Are ethics ruining the AI party?
Written by Russell Haworth, CEO Nominet
Artificial intelligence (AI) is one of the most incredible advancements of our time and has now reached a point at which our society needs to prepare for application on a wide scale. This involves asking the big ethical questions, clipping the wings of AI in the short-term to ensure it stays within moral frameworks we have yet to design.

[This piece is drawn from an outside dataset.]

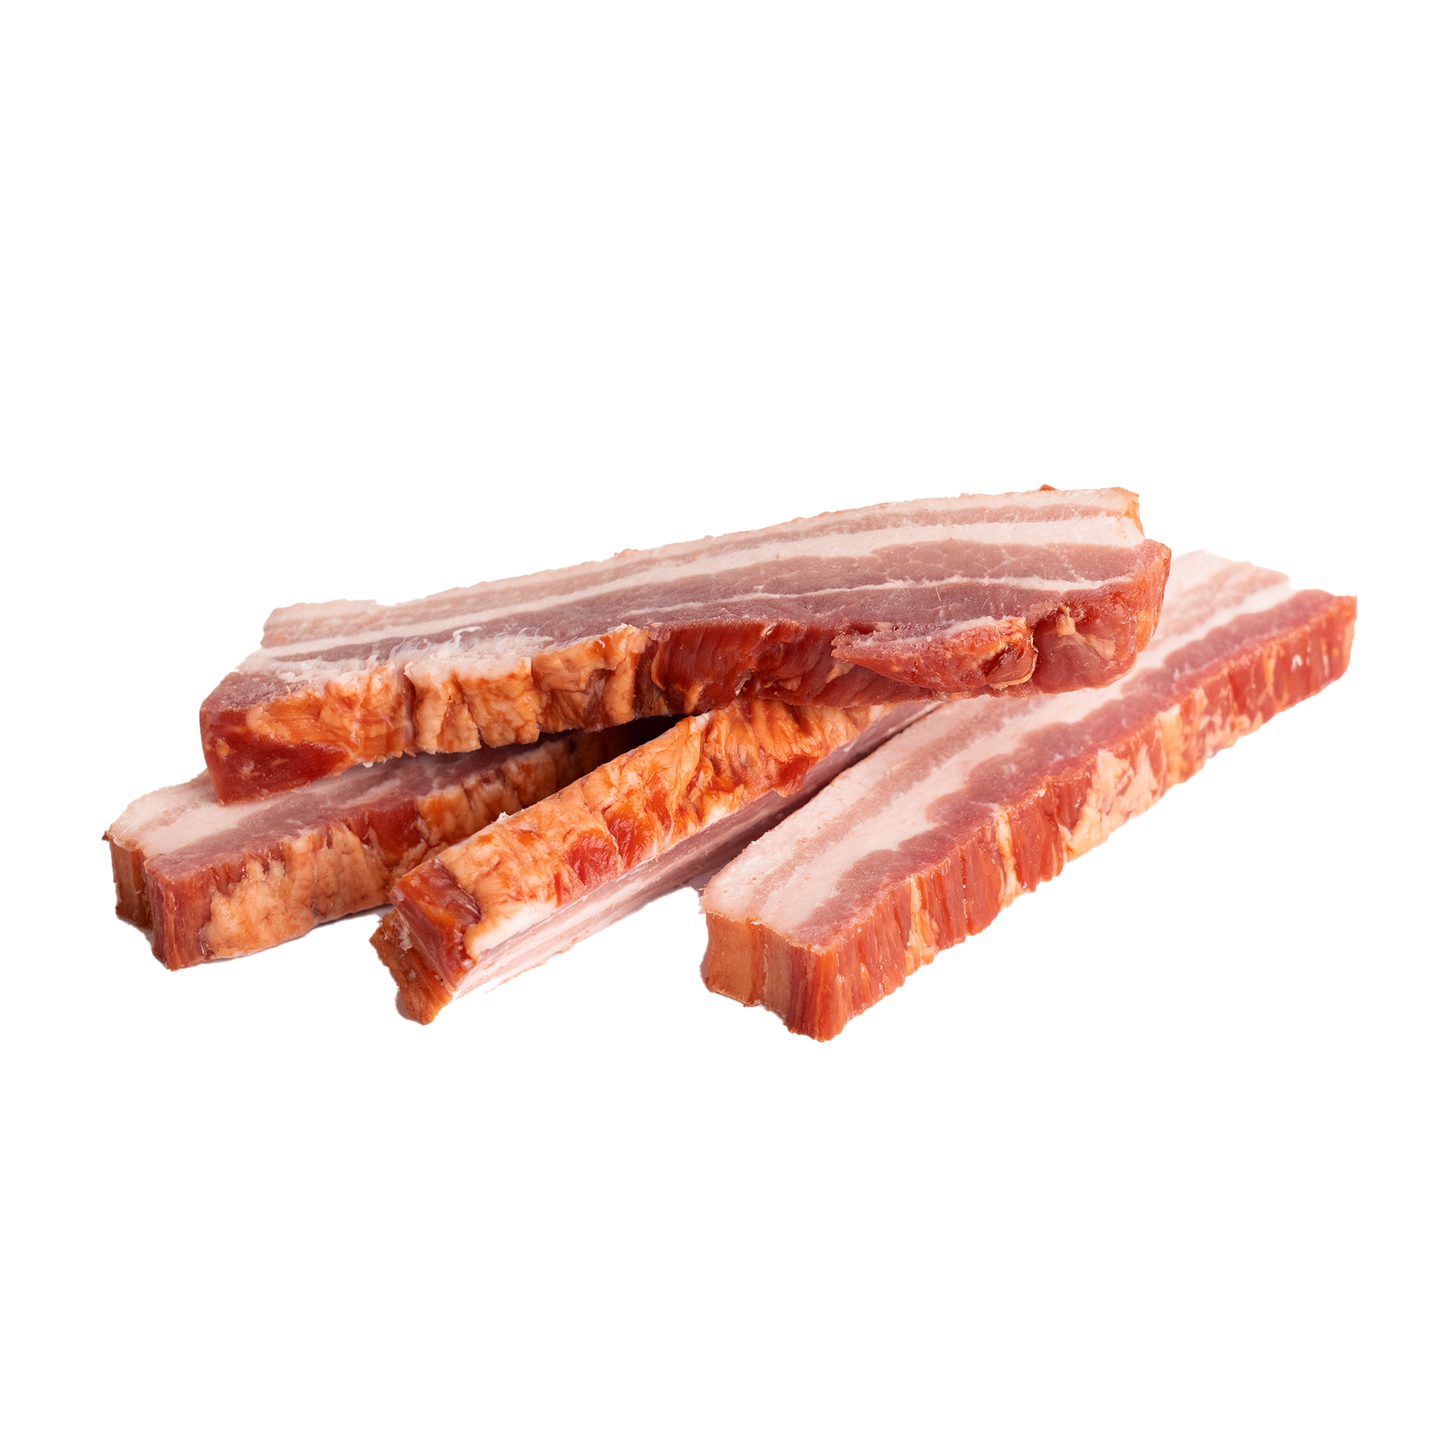 Thick Applewood Bacon(1 lb)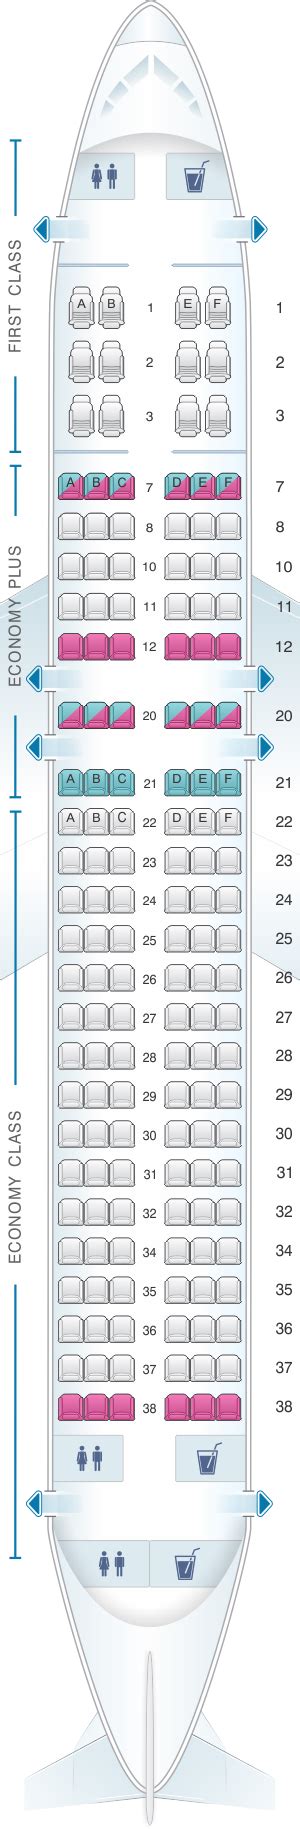 Airbus A United Airlines Seating Chart Seat Map United Airlines

This is most pertinent for AI that is equipped with machine learning; algorithms are employed to allow a computer to adapt over time in response to stimuli — or ‘learn’ from its interactions. There are supervised and unsupervised approaches to machine learning, with the latter presenting some potential complications. If we can’t supervise we are unable to understand how decisions are reached nor the ‘thought’ process behind them. How do we ensure the route and choices made by AI are ethical?
Ethical decisions for AI
Human beings make decision based on the context, their past and the cultural norms of the society in which they live. AI has no such resources to draw upon. A machine must be programmed not to always make decisions solely based on a mathematical logic but follow an ethical, moral code that human beings have hardwired. A robot needs to know that if a person has run out of meat for dinner, it is unacceptable to cook the cat.
Hard-wiring a complicated ethical code into a machine is a serious challenge for the software developers of today, especially as this decision-making process could make them liable for the consequences. The issue has been brought up often in discussions around autonomous vehicles; the trolley problem of today. What will, and should, a car do in a situation when only one of two lives can be saved — pedestrian or driver? Who makes that decision and who is responsible for the consequences?
Experts have suggested that to remain ethical AI needs to be transparent and trustworthy, working with humans and not as a replacement. AI that takes on cognitive work need to be robust against manipulation, argue researchers from the Machine Intelligence Research Institute. There needs to be a clear proof of the systems and workings of the AI to facilitate an investigation when mistakes are made. If we can’t identify why AI did something, we can’t make sure it doesn’t repeat it.
Cooperation and context
Equally important is cooperation between the parties involved at every step of an AI machine’s design, creation and application. Ethics needs to be considered at the point of creation, entwined in the workings rather than applied in retrospect. It would be easy to imagine the polarisation of software developers or AI manufacturers and ethics committees or risk management experts. As John C Havens, author of Heartifical Intelligence stresses, we “need to inform the AI manufacturing process with programming based on the codification of our deeply held beliefs”. This will be complicated by the commercial nature of AI development and the swift advancements in technology, not to mention the challenge of ‘codifying’ a set of beliefs that all involved can agree on, free from prejudices and bias. Would this vary by country? By industry?
There are also ethical issues to consider beyond the workings of AI and into a wider context: the impact on society and the individual. Unemployment could rise, which psychologists warn could impact mental health, and decisions would need to be made over who benefits from the work of AI and revenue produced. Who would pay the tax required to support a non-working human population? It is likely that a reliance on AI will change human behaviours and interactions — what consequences could there be? We also need to tackle security issues, bias, and potentially even the right of the robots with ‘cognition’.
See opportunities, not limitations
For those who are forging ahead in technology and evolving the capabilities of AI at an extraordinary rate, ethical considerations could be viewed as inhibitors. Ultimately, they are enablers. Technology is only useful to our society if it works with us and our existing systems. Without trust and liability, robust regulations and checks, AI could veer from maliciously lethal to unproductive and ineffective, neither of which are helpful.
Ethicists will come centre stage in the coming years to facilitate the move towards wide scale adoption of AI and ensure automation works for humans and not against them, boosting productivity alongside people. It will be interesting to see how they progress together to facilitate a safe society-wide roll-out of life-changing tech.